A man's gotta eat!!!


----------



## ZECH (Jun 10, 2002)

You wouldn't believe how many shrimp and oysters I ate Saturday night....Couldn't even drink a beer after...that's bad!


----------



## I Are Baboon (Jun 10, 2002)

> _*Originally posted by dg806 *_
> You wouldn't believe how many shrimp and oysters I ate Saturday night....Couldn't even drink a beer after...that's bad!

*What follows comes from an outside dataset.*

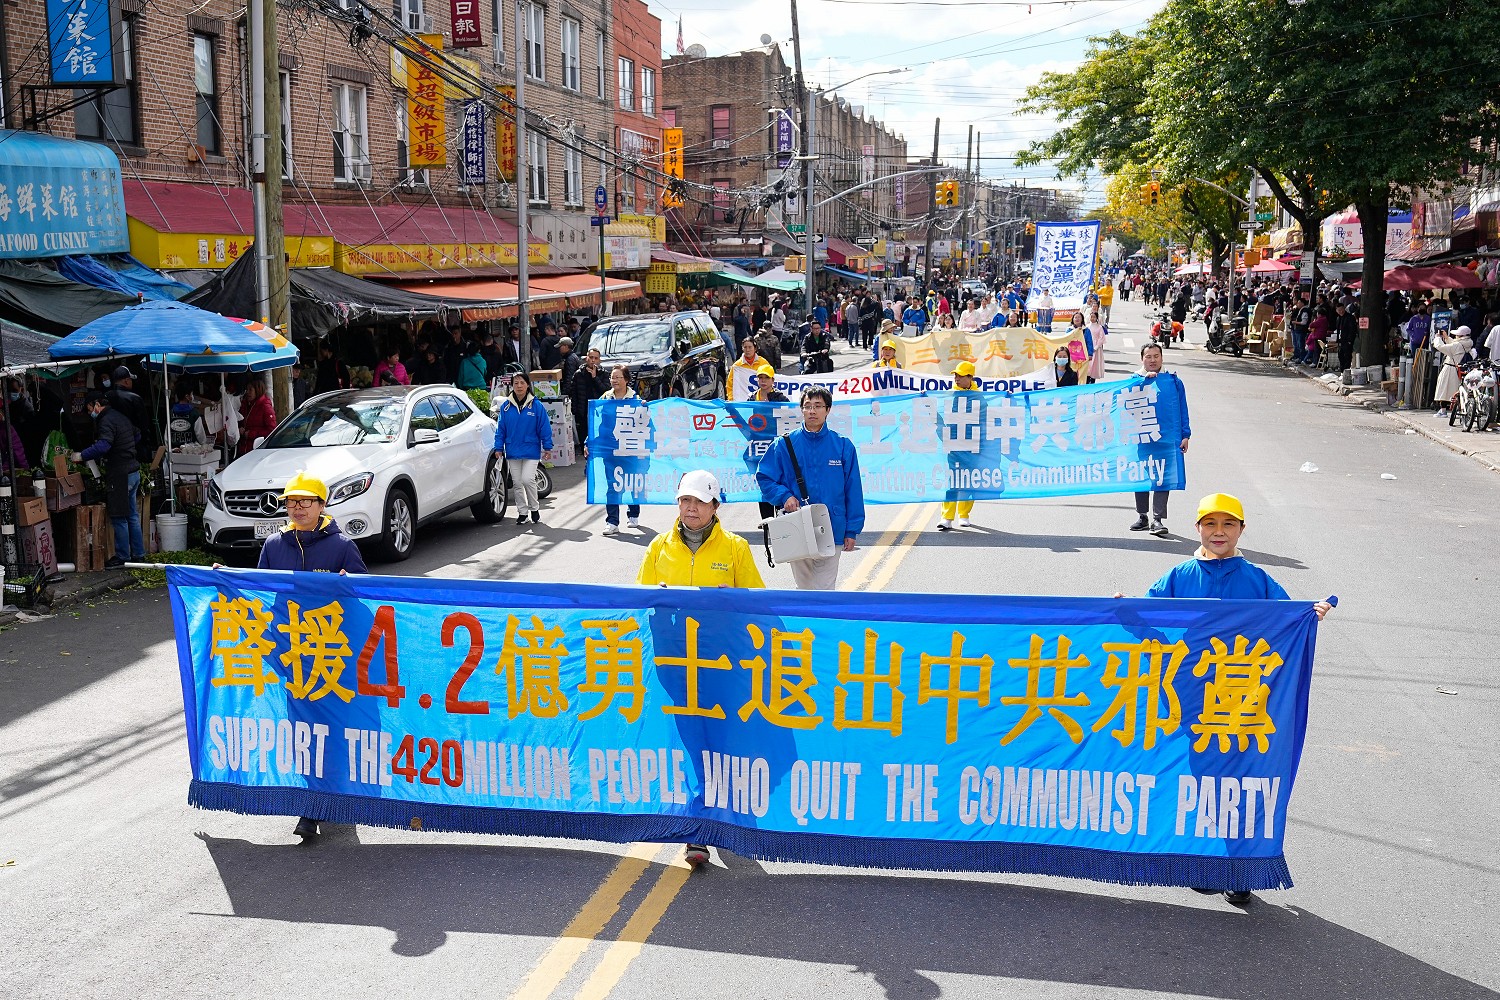 Image for article Brooklyn, New York : Un grand défilé célèbre les 420 millions de personnes qui ont démissionné des organisations du PCC

Yeah man, that's pretty bad....but in a good way.


----------



## ZECH (Jun 10, 2002)

I had more than plenty to make up for it though the previous two nights!


----------



## Dero (Jun 10, 2002)

> _*Originally posted by MtnBikerChk *_
> 
> 
> Don't go there - in fact, run for cover!!!!!!!!!!!!!!!!!!!!!


Thanxs MBC!!!
SEE DERO RUN AWAY...DATAWAY---------->








...Hmmmmmm,why?


----------



## Fitpix (Jun 10, 2002)

What are the stats on a LB o' shrimp?


----------



## I Are Baboon (Jun 11, 2002)

> _*Originally posted by Fitpix *_
> What are the stats on a LB o' shrimp?




 




> _*Originally posted by I Are Baboon *_
> One pound of boiled shrimp:
> 
> 620 calories
> ...


----------



## GardeningGrrl (Jun 11, 2002)

Well, you've just inspired me to go dig the frozen shrimp out of my freezer. Yum, nice change of pace. Don't think I'll eat a pound of them though!


----------



## TJohn (Jun 11, 2002)

Can you say cholesterol spike !!

TJohn


----------